| Konu: | TÜRKİYE CUMHURİYETİ ANAYASASINDA DEĞİŞİKLİK YAPILMASI HAKKINDA KANUN TEKLİFİ |
| Yasama Yılı: | 3 |
| Birleşim: | 5 |
| Tarih: | 09.10.2012 |
ÖMER SÜHA ALDAN (Muğla) - Sayın Başkan, değerli milletvekilleri; 328 sıra sayılı Türkiye Cumhuriyeti Anayasası'na geçici 20'nci madde eklenmesine dair kanun teklifi üzerinde şahsım adına söz almış bulunuyorum. Yüce Meclisi saygıyla selamlarım.
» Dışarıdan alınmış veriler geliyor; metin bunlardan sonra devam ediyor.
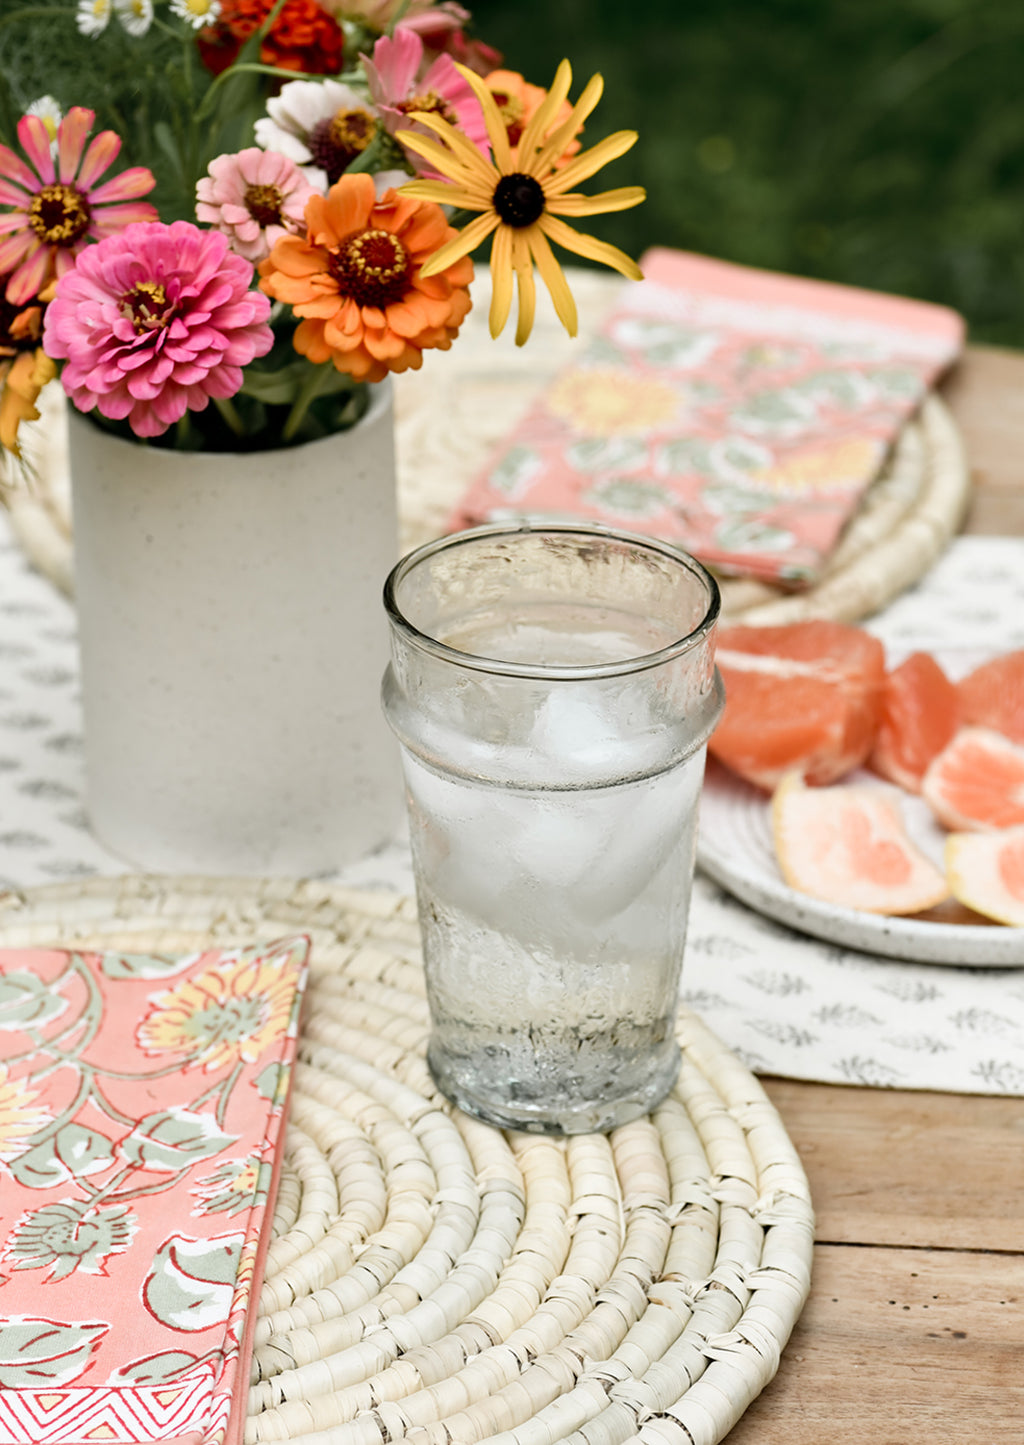 2: A table setting with placemats, napkins and water glass.

Değerli milletvekilleri, yapılan düzenleme ile 2014 yılının Mart ayının pazar günü yapılması gereken yerel seçimler 2013 yılının Ekim ayının son pazar günü yani 27 Ekim 2013 günü yapılacaktır. Teklifin gerekçesinde olağan seçim tarihinin kampanyasının kış aylarına denk gelmesi ve ülkemizin belli yörelerindeki kış şartlarının olumsuzluğu gösterilmiştir. Oysa yazın da seçim kampanyasının ne kadar zor olduğunu bir Muğla Milletvekili olarak iyi bilirim. Özellikle referandum sürecinde? Yazın da oldukça güç bir iştir seçim kampanyası yapmak.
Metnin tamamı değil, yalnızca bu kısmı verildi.